To prepare mesoporous $TiO_2$ ($meso-TiO_2$) with anatase and rutile crystal structures, hydrothermal and template synthesis were used. $Meso-TiO_2$ with anatase structure was obtained by hydrothermal synthesis. The crystal structure of $meso-TiO_2$ by hydrothermal synthesis converted from anatase to rutile by simple heating at $600^{\circ}C$ and above. However, their mesopore structure collapsed due to phase transition. To prepare $meso-TiO_2$ with rutile structure, template synthesis method was applied using mesoporous silica KIT-6 as a template. Once we incorporated anatase $TiO_2$ inside mesopores of silica, the phase transition temperature of $TiO_2$ confined inside KIT-6 was much higher ($900^{\circ}C$) than that of free-standing $TiO_2$ ($600^{\circ}C$).

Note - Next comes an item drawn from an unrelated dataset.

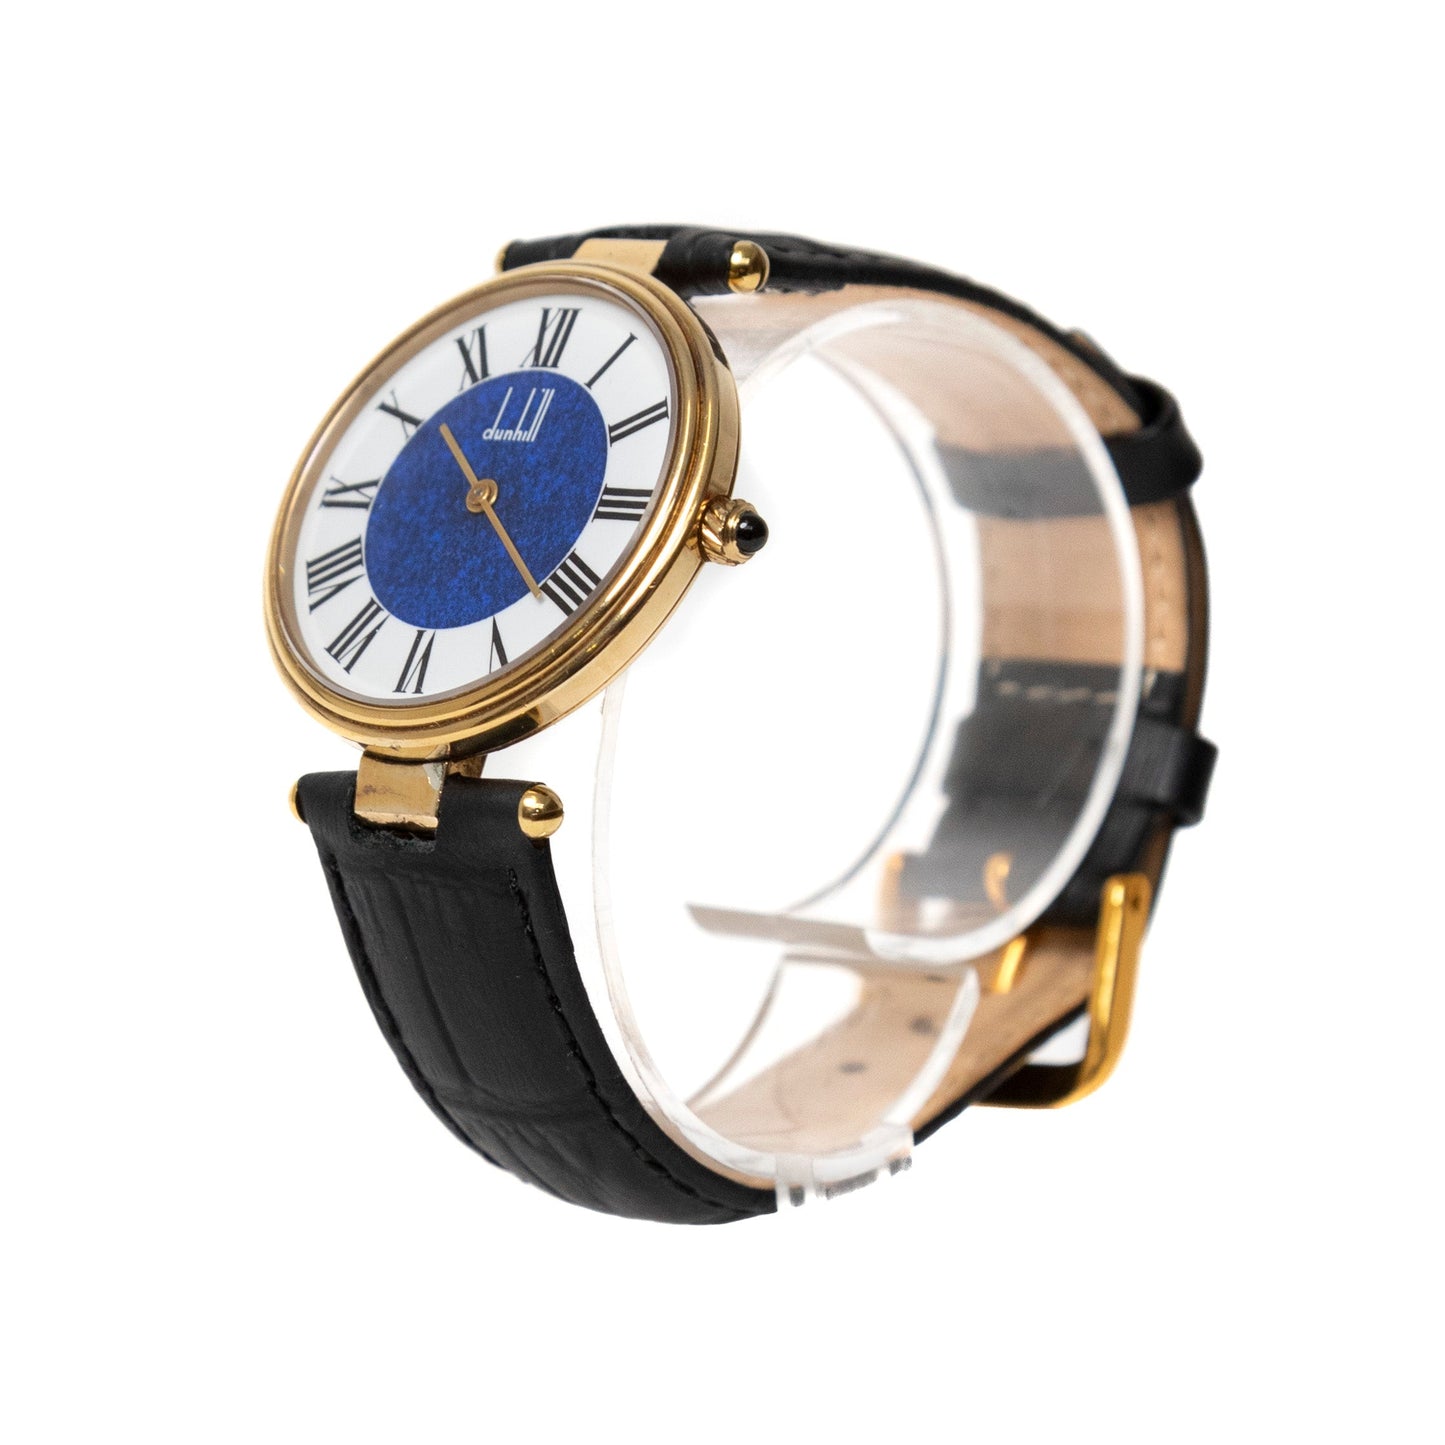 Dunhill Model 267 Watch

The suppression of $TiO_2$ phase transition inside mesopores of KIT-6 is closely related with the interaction between $TiO_2$ surface and silica walls in KIT-6 because oxygen vacancy in $TiO_2$ is regarded as the starting point for phase transition. After removal of silica template by NaOH solution washing, $meso-TiO_2$ with mixed phase between anatase and rutile was obtained.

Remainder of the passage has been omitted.